Flavor-packed bowls: lemongrass chicken & peanut chicken spring roll bowl.
Flavor-packed bowls: lemongrass chicken & peanut chicken spring roll bowl.
Recipe
1. Peanut chicken spring roll bowls
For the Dressing:
1/4 Cup Creamy Natural Peanut Butter
1 Lime, juice
2 tsp Maple Syrup
1 Tbsp White Vinegar
1 Tbsp Soy Sauce
1 tsp Sriracha or Chili Sauce (optional)
3 Tbsp Water
For the Bowls:
4 oz. Dried Vermicelli Noodles
1 tsp Olive Oil
4 Cups Romaine, sliced in thin strips
1/2 a Red Bell Pepper, sliced in thin strips
1/2 Cup Red Cabbage, sliced in thin strips
1/2 a Carrot, sliced in thin strips
1/2 Cup Cucumber, sliced in thin strips
2 Tbsp Fresh Basil Leaves, sliced
2 Tbsp Peanuts, chopped
For the Chicken:
1 Chicken Breast
2 tsp Olive Oil
Kosher Salt & Pepper
Mix together the ingredients for the dressing and set aside (if dressing looks thick you can add a little more water)

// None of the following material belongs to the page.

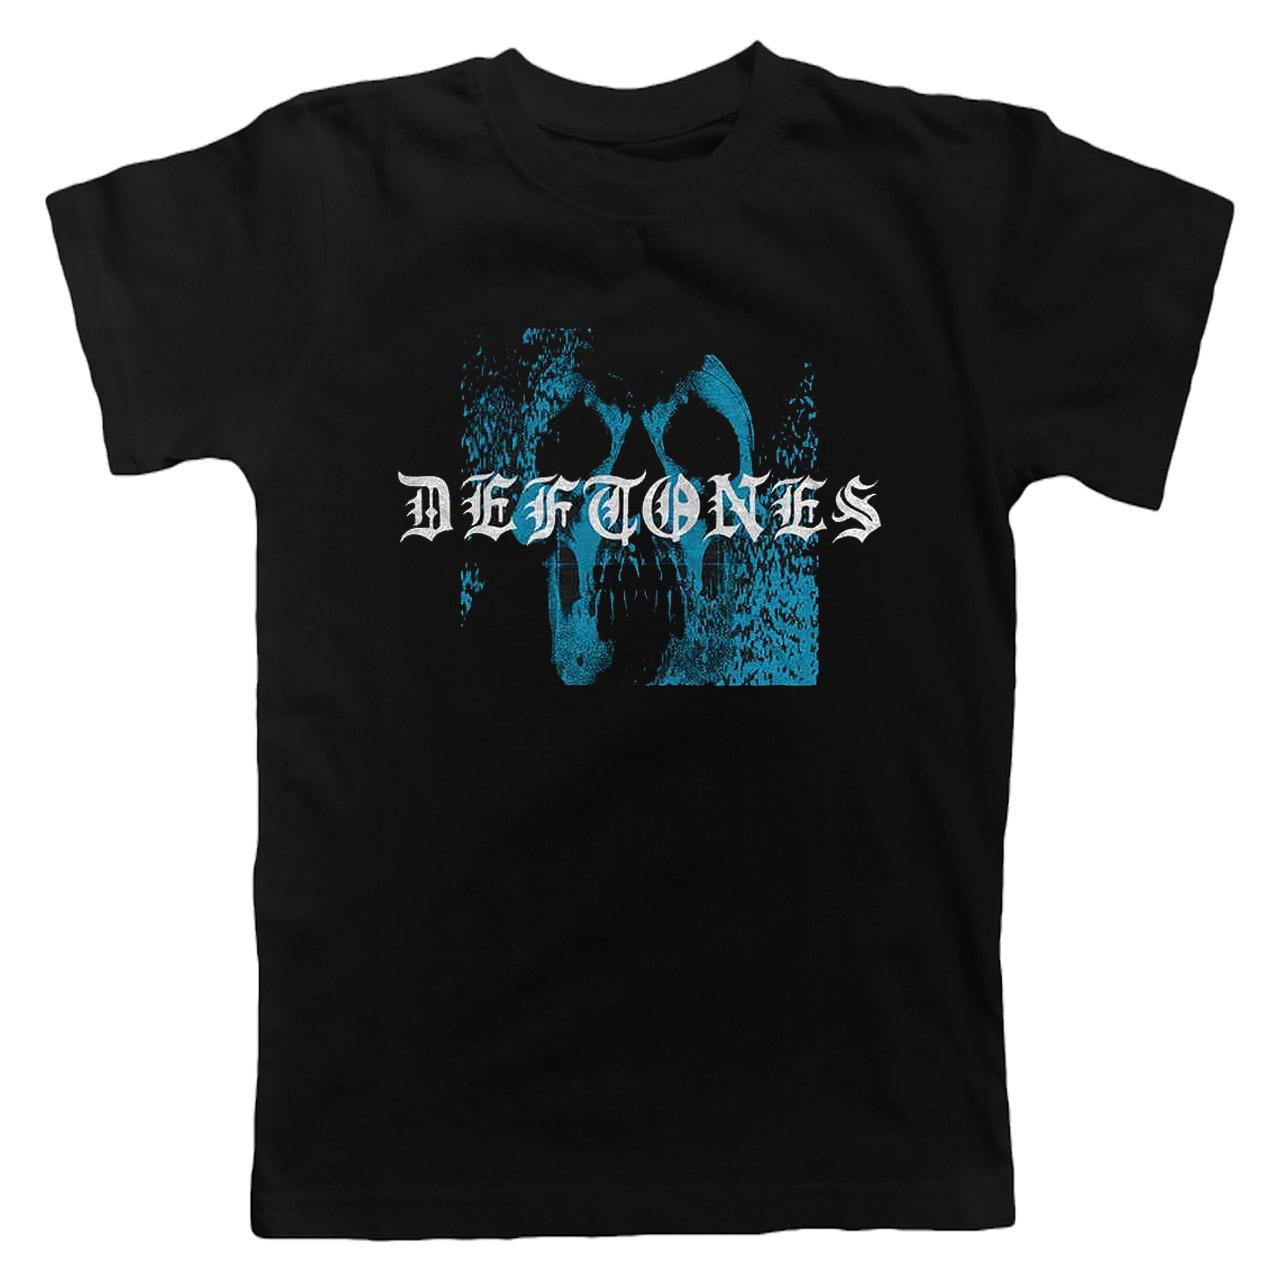 DEFTONES Static Skull Tshirt

Boil vermicelli noodles according to package directions then rinse in cool water and toss with olive oil to prevent them from sticking
Split the noodles into two bowls and add the romaine, red bell pepper, cabbage, carrot, and cucumber
Pound chicken ~1/2” thick and season both sides with salt and pepper; pan sear in olive oil over medium heat for 5-6 mins per side until internal temp reaches 165F, then let rest for 5 mins and slice into bite size pieces
Serve the chicken on the spring roll bowls and top with dressing, peanuts, and basil - enjoy!

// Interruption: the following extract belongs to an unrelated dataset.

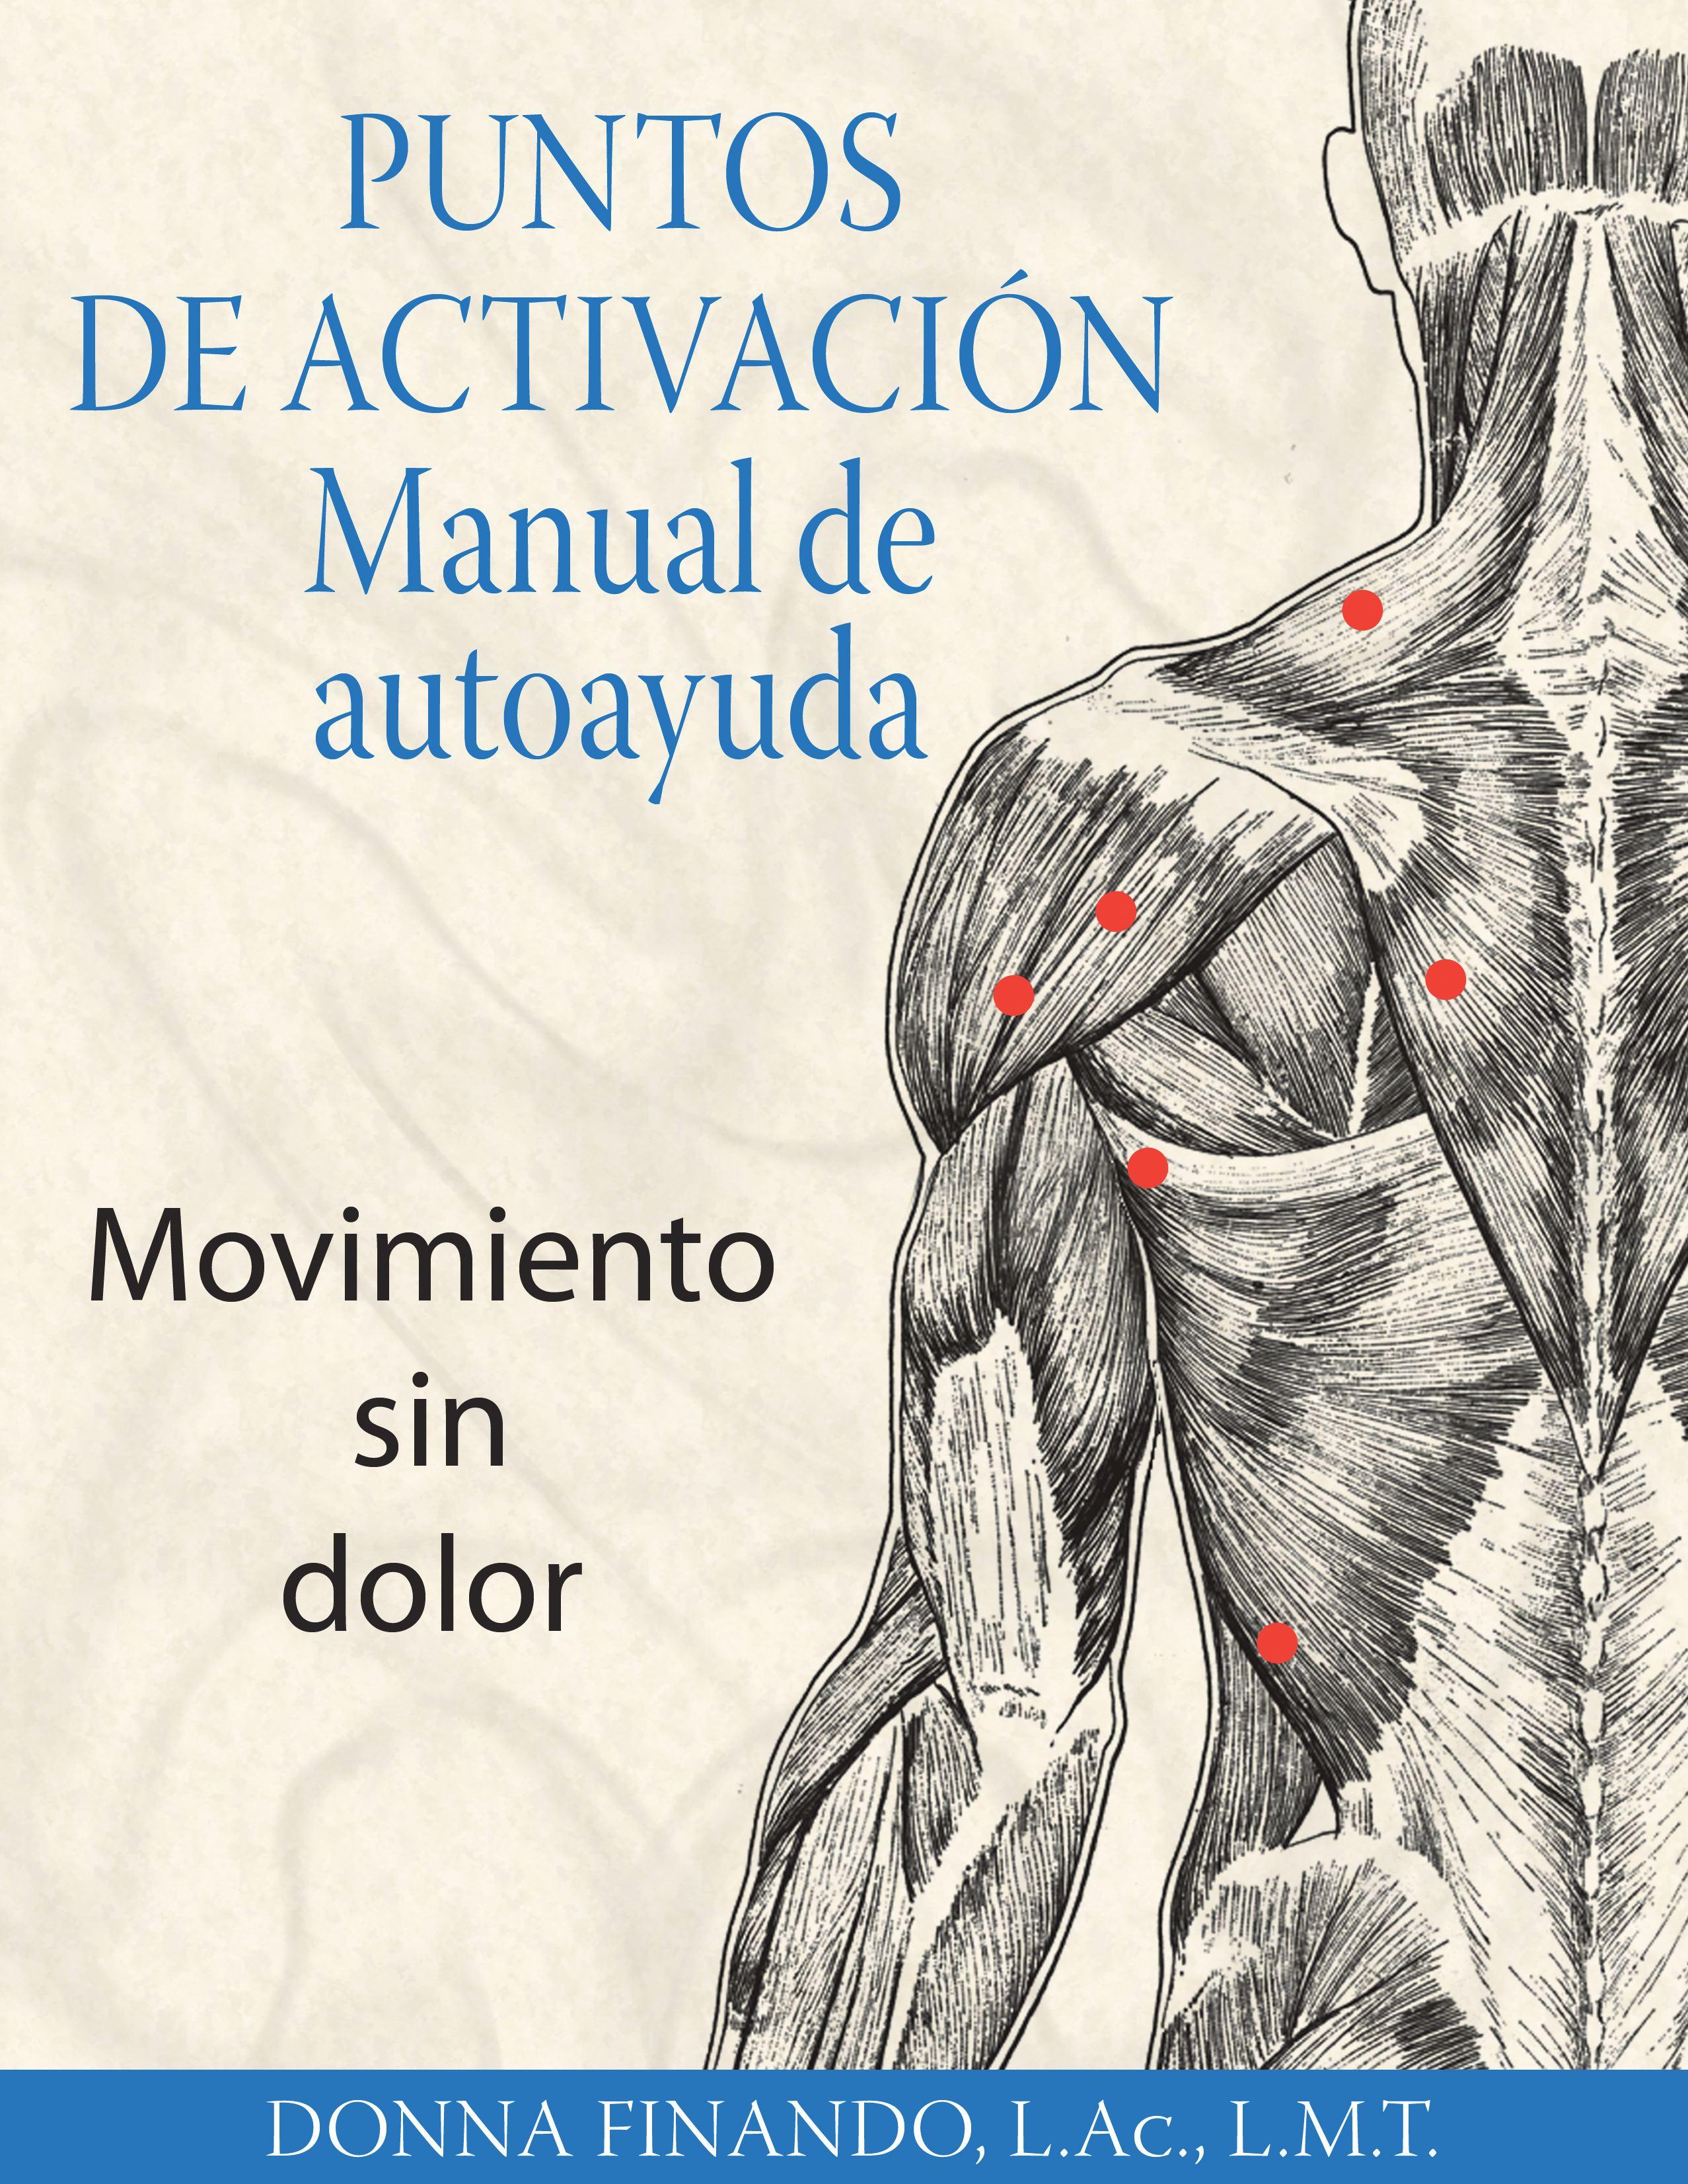 Puntos de activacion manual de autoayuda 9781594772801 hr

2. Lemongrass chicken vermicelli bowls
Chicken + Marinade:
1 lb. Boneless Skinless Chicken Thighs
2 Shallots, sliced
2 Garlic Cloves, finely chopped
1 Tbsp Fish Sauce
2 tsp Soy Sauce
2 Tbsp Avocado Oil
2 Stalks Lemongrass
1/2 tsp Pepper
1/4 tsp Kosher Salt
2 Tbsp Sugar
Sauce:
1/2 Cup Warm Water
2 Tbsp Fish Sauce
2 Tbsp Sugar
2 Tbsp Fresh Lime Juice
2 Garlic Cloves, finely chopped
Bowls:
6 oz. Vermicelli Noodles
Romaine, sliced
Cucumber, sliced
Fresh Mint Leaves
Peanuts, chopped
Sriracha, for serving
2 Scallions,
Discard the top two thirds of the lemongrass as well as one inch at the bottom; peel off the tough outer layer and then smash with a meat mallet (or something heavy) and cut into 1” pieces that will be easy to remove later
Place the lemongrass in a bowl with the chicken and the rest of the ingredients for the marinade; mix until evenly coated and marinate for at least 2 hours up to overnight (the longer the better!)

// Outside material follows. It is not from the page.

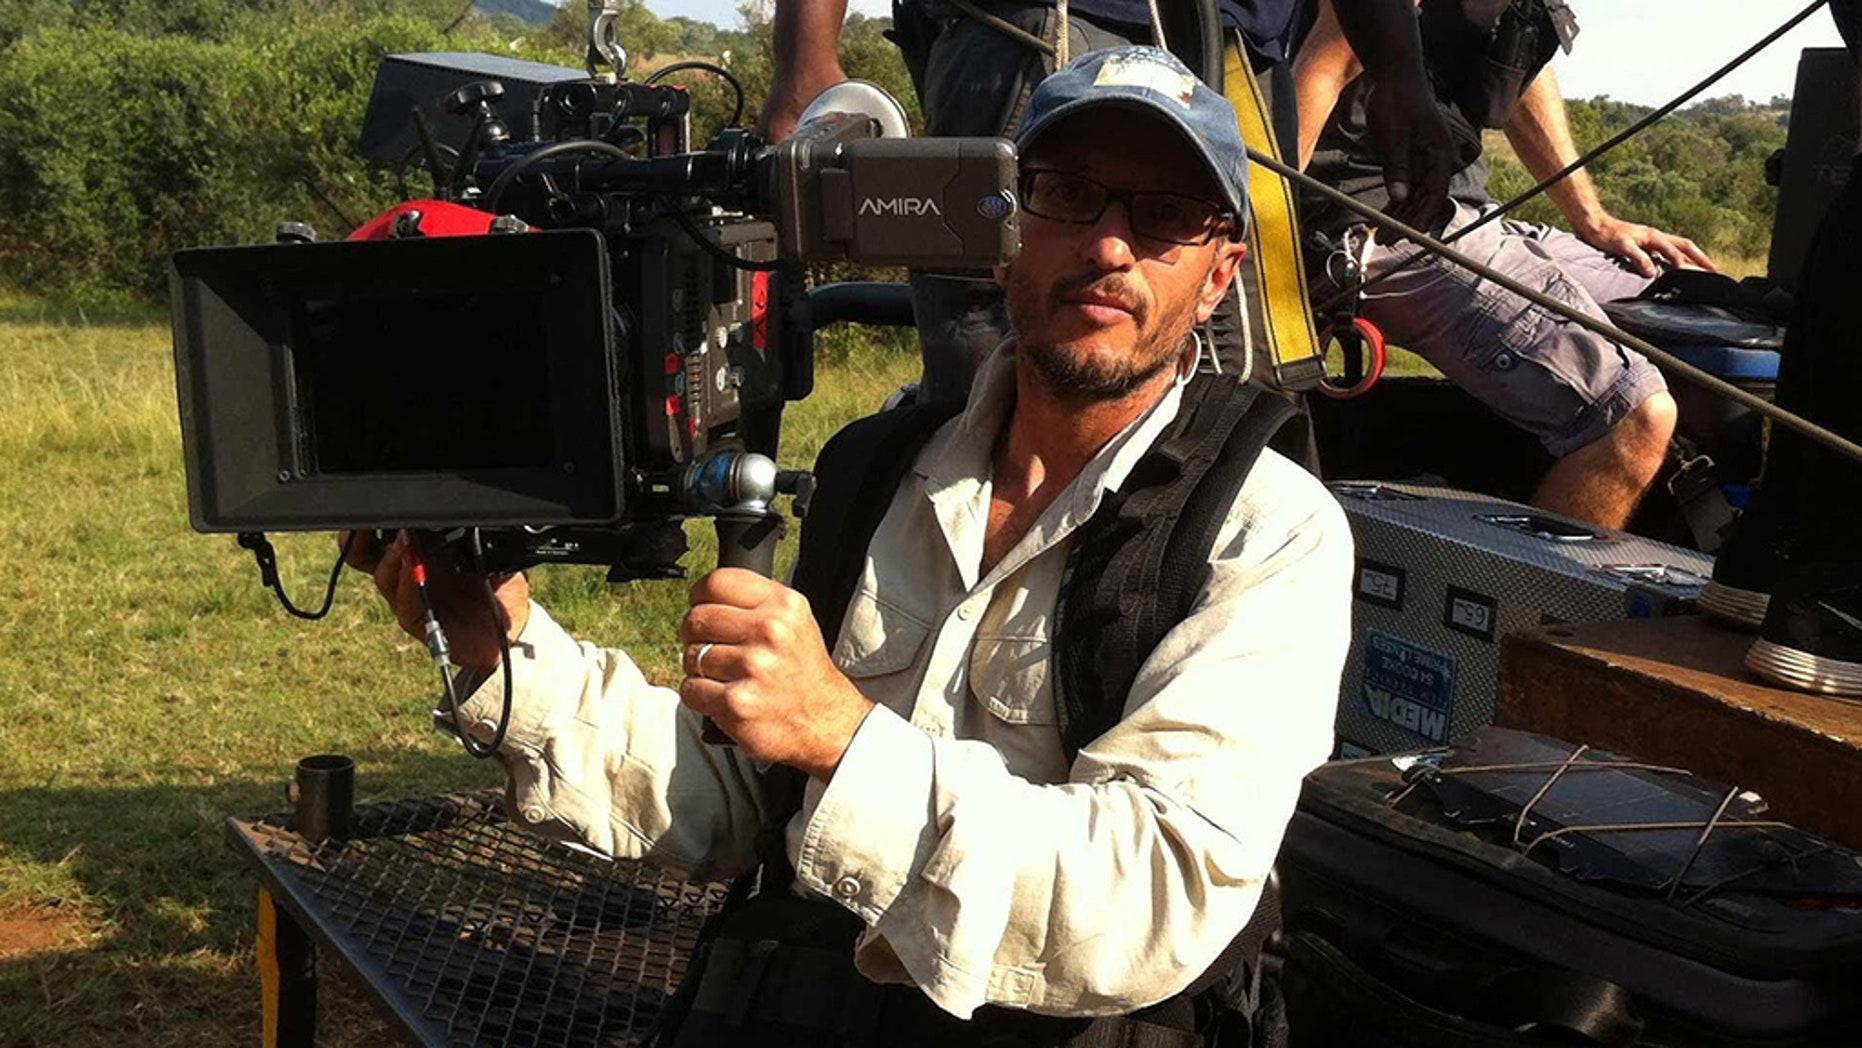 IMG CARLOS CARVALHO, Filmmaker

Mix together the ingredients for the sauce and set aside.
Bring a pot of salted water to a boil. Boil the vermicelli noodles for ~5 mins (or according to package directions) then strain and rinse with cool water; assemble the noodle bowls with vermicelli, romaine, cucumber, carrot, mint.
Preheat a pan over medium high; remove large pieces of lemongrass and shallots from the chicken and drip off excess marinade; add 2 tsp oil and sear chicken 5-6 mins per side (10-12 mins total) until internal temp reaches 165F then remove from the pan
Slice the chicken and serve it on top of the noodle bowls with peanuts, and sauce on top; serve with sriracha and enjoy!